Symmetry-Protected Momentum Exchange between Dark Matter and Dark Energy

Abstract

We present a particle physics motivated realization of interacting dark energy in which a radiatively stable dark energy sector couples to weakly interacting massive particle dark matter through pure momentum exchange. The dark energy field arises as a pseudo-Nambu-Goldstone Boson from a complex scalar singlet charged under a softly broken global $U(1)_S$, while dark matter is identified with an inert scalar doublet stabilized by a discrete $Z_4$ symmetry. This symmetry structure allows renormalizable dark matter-dark energy portal operators; however, requiring the dark energy field to emerge as a radiatively stable pseudo-Nambu-Goldstone Boson necessitates their absence, leaving derivative interactions as the leading coupling. As a result, energy transfer between the dark sectors is absent at the background level, while momentum exchange modifies the evolution of cosmological perturbations. We implement the resulting interacting dark energy model self-consistently in the Boltzmann code CLASS and study its impact on the growth of structure. We find that, despite sizeable momentum exchange, the suppression of the clustering amplitude $σ_8$ saturates above the level required to fully resolve current low-redshift tensions. Our results demonstrate that symmetry-protected, momentum-exchange-only dark sector interactions possess an intrinsic limit on structure suppression, providing a theoretically controlled benchmark for interacting dark energy scenarios.

Figures (3)

• Figure 1: Dark matter relic density $\Omega_{\rm DM}h^2$ as a function of the Higgs portal coupling $\lambda_L = \lambda_3 + \lambda_4 + \lambda_5$ for various mass splittings $\delta$, with $m_{H_2^0} = m_{H_2^\pm} = 550$ GeV. The horizontal bands indicate the Planck constraint $\Omega h^2 = 0.1199 \pm 0.0027$. Small splittings ($\delta \lesssim 1$ GeV) allow coannihilation effects to bring the relic density into the observed range.
• Figure 2: Dark matter relic density as a function of the effective coupling $g_{H_1 H_1 h} = 2\lambda_L v$LopezHonorez2007 for $\delta = 1$ GeV and varying $m_{\rm DM} \equiv m_{H_2^0}$. The horizontal bands indicate the Planck constraint.
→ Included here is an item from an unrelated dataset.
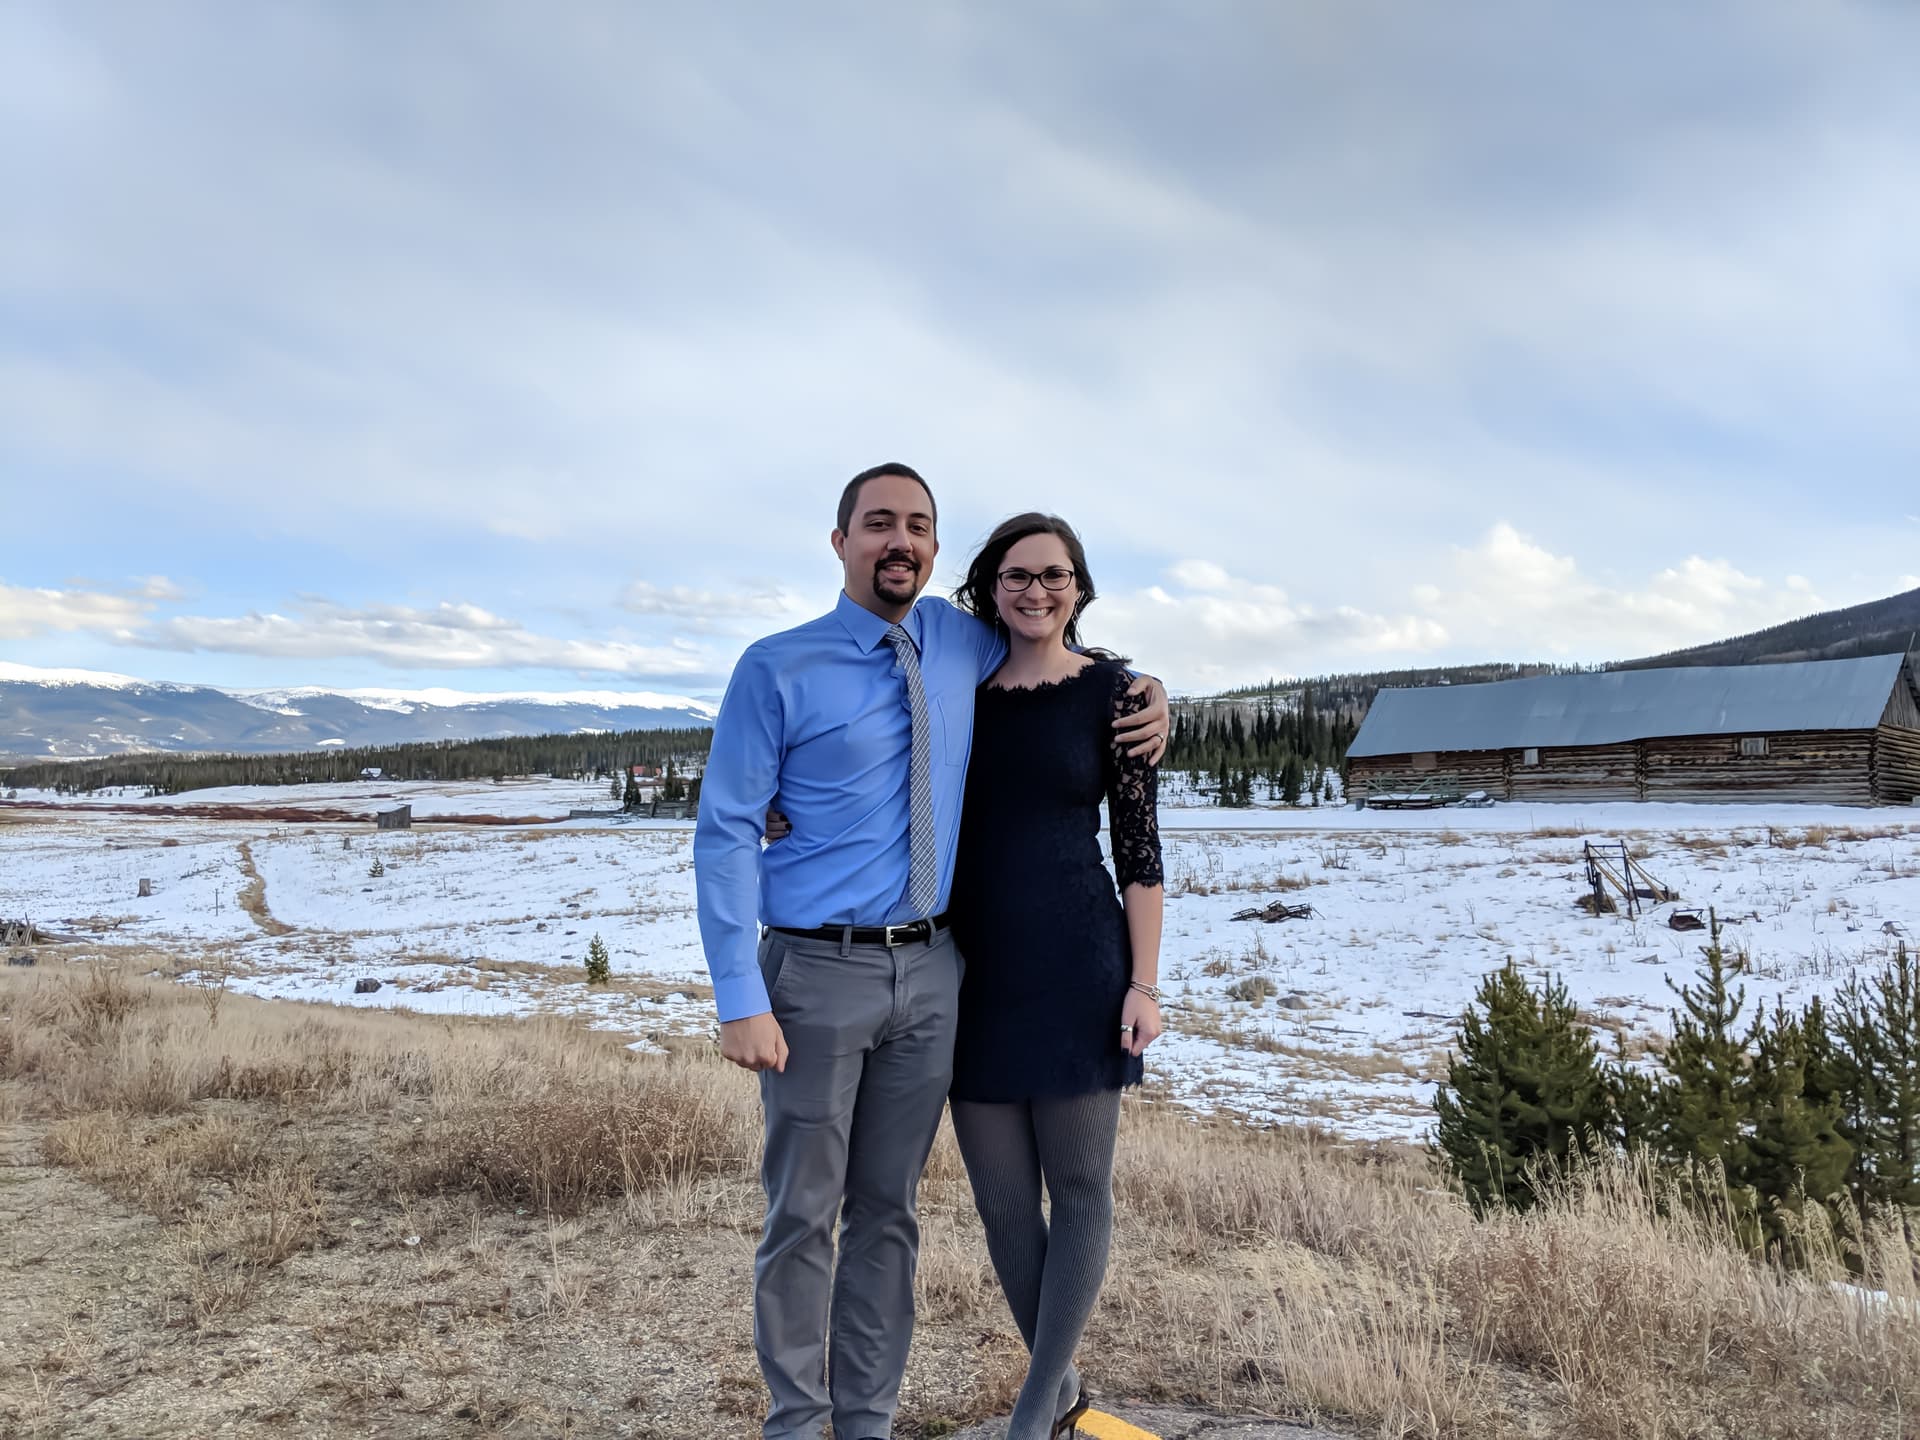 A man and woman pose outside together. Behind them is a snowy high country ranch, and in the distance the Rocky Mountains.

Heavier dark matter particles require larger portal couplings to achieve the observed relic density; the value $m_{\rm DM} \approx 550$ GeV (blue curve) satisfies the Planck bound for natural couplings, consistent with results in the literature Keus2015.
• Figure 3: Clustering amplitude $\sigma_8$ as a function of the normalized drag rate $\Gamma/H$ for the Z$_4$-IDSM with parameters (\ref{['eq:dm_params']}). The horizontal black line shows the CLASS$\Lambda$CDM baseline $\sigma_8^{\Lambda\text{CDM}} = 0.825$. The green (red) shaded region indicates perturbative (non-perturbative) values of the EFT coupling $c_6$. The IDSM prediction saturates at $\sigma_8 \approx 0.795$ for $\Gamma/H \gtrsim 10$.